# Provided data:
▬▬▬▬▬▬▬▬▬▬
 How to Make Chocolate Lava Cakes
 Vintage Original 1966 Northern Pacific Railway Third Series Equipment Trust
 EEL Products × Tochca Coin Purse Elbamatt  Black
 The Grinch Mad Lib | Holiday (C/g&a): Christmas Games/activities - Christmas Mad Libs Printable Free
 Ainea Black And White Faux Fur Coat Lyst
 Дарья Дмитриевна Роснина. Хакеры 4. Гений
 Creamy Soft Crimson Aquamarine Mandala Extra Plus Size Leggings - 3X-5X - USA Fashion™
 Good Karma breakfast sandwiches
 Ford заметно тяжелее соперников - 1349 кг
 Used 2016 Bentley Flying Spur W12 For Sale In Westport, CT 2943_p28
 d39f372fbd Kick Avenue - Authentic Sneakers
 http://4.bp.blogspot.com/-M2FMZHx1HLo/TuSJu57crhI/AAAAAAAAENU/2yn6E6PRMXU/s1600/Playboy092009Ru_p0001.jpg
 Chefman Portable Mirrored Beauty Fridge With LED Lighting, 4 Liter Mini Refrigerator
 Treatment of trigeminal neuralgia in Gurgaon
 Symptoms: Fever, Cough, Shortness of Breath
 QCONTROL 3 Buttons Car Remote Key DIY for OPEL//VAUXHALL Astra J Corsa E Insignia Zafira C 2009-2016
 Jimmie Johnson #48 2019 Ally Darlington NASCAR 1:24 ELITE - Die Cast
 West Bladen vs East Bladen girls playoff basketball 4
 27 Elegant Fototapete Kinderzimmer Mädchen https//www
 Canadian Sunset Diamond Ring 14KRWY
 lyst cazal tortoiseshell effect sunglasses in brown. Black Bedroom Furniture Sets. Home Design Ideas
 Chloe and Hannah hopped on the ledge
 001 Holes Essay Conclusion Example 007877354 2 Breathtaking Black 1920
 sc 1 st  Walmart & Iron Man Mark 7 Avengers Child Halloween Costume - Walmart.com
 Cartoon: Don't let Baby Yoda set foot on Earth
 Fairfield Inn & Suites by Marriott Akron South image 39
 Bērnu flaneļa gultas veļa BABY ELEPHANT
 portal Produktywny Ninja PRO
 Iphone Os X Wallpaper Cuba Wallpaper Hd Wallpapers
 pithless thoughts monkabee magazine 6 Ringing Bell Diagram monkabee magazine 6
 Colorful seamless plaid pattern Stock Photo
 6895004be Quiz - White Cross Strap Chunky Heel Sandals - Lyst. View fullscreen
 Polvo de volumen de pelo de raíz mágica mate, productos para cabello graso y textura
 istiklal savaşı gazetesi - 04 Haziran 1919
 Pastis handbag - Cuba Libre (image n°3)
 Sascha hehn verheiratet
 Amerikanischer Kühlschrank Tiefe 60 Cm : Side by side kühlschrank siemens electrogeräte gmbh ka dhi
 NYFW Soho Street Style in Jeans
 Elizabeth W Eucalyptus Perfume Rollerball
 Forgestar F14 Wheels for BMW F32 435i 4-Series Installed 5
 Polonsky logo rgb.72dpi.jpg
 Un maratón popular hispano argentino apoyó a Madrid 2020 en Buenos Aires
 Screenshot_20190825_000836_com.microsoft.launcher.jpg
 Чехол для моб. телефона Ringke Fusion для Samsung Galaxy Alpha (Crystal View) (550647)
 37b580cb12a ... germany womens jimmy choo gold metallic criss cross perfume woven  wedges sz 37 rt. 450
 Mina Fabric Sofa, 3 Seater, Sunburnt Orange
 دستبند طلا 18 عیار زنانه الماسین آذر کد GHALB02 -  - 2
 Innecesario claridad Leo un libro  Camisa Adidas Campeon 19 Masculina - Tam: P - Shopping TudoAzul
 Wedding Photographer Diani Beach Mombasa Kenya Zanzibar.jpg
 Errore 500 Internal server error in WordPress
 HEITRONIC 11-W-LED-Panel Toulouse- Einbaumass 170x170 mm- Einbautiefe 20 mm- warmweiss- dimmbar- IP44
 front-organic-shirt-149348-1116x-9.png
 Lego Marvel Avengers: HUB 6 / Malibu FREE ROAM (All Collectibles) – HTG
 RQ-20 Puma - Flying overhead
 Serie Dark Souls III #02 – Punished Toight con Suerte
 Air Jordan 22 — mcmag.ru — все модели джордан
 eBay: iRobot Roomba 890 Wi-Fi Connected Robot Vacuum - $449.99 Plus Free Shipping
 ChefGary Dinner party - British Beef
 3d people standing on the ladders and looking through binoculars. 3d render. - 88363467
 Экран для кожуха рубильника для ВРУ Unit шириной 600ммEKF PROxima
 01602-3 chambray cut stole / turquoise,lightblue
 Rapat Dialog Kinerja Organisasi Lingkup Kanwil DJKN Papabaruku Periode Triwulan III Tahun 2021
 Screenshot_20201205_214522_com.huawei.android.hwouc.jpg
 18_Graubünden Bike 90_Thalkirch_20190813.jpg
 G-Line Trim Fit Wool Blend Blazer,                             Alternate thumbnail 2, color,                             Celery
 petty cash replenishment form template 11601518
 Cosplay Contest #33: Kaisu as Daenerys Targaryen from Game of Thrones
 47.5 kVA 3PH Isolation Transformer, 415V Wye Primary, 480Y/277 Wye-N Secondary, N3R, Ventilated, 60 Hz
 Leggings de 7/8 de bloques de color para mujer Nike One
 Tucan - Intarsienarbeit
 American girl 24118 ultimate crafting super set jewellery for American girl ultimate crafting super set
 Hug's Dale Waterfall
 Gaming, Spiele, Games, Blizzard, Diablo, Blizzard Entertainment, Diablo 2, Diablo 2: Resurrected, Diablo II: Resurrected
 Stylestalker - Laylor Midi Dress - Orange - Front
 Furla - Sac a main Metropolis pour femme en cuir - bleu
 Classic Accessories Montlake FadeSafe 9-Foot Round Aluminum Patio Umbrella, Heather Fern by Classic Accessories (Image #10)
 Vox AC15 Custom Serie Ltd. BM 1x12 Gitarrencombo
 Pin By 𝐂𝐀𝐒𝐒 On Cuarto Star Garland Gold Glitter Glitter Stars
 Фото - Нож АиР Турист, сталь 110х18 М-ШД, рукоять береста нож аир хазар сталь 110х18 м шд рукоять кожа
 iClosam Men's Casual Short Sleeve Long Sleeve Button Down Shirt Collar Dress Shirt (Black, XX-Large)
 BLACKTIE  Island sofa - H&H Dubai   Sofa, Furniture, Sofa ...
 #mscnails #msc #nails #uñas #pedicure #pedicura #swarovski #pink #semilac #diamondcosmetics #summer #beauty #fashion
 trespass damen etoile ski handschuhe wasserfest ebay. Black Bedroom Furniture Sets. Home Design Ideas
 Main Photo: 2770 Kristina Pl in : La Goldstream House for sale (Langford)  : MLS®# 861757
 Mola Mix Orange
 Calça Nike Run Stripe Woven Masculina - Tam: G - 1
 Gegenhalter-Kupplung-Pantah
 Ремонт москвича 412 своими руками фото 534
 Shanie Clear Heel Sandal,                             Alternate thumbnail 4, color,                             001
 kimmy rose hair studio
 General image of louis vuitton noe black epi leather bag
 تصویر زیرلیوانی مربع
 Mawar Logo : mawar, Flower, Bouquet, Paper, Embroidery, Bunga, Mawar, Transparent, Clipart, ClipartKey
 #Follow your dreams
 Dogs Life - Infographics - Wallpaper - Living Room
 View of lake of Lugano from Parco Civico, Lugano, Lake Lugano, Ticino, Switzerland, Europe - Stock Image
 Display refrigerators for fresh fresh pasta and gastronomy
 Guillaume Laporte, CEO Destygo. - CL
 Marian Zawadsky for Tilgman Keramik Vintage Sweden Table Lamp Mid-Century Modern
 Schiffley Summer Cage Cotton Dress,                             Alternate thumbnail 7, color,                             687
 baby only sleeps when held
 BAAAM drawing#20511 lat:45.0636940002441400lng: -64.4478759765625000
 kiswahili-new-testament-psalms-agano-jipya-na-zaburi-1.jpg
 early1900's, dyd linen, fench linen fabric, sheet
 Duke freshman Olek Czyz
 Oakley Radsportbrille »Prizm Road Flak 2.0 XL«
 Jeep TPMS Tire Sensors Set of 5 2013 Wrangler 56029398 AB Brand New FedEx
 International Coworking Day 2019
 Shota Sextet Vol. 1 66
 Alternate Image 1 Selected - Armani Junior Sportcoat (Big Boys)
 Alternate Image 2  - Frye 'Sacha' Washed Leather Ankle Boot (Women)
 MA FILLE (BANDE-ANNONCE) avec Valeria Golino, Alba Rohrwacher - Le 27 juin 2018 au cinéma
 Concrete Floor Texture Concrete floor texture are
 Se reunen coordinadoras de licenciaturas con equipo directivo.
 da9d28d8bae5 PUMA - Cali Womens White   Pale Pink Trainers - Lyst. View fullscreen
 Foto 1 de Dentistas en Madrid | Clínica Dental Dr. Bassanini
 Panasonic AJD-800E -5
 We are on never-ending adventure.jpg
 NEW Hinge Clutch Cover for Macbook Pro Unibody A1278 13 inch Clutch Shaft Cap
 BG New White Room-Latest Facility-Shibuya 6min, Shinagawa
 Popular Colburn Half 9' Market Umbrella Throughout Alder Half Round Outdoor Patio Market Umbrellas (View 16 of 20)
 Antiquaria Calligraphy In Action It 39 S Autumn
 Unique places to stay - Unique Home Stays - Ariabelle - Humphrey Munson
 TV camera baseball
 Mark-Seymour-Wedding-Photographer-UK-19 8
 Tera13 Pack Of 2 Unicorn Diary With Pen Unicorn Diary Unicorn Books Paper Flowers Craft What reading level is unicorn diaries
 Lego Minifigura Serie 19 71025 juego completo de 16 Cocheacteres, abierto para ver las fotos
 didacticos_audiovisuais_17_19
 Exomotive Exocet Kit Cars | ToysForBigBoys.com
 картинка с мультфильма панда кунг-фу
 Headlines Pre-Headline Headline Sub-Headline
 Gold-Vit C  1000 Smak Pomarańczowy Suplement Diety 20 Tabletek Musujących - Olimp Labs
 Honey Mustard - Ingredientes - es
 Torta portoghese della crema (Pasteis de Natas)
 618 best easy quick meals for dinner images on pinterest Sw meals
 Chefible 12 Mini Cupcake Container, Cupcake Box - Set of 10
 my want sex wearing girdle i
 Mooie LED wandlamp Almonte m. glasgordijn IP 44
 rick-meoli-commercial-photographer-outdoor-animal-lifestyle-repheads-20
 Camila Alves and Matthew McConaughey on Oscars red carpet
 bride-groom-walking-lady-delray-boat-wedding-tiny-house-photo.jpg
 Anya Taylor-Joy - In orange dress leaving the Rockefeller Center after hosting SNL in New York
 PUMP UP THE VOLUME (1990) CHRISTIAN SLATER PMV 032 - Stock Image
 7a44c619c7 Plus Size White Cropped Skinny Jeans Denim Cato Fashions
▬▬▬▬▬▬▬▬▬▬
Once the line with "Serie Dark Souls" is found in the records above, print exactly that line and every line after it through the line with "ChefGary Dinner party - British Beef".

# Solution to the exercise:
 Serie Dark Souls III #02 – Punished Toight con Suerte
 Air Jordan 22 — mcmag.ru — все модели джордан
 eBay: iRobot Roomba 890 Wi-Fi Connected Robot Vacuum - $449.99 Plus Free Shipping
 ChefGary Dinner party - British Beef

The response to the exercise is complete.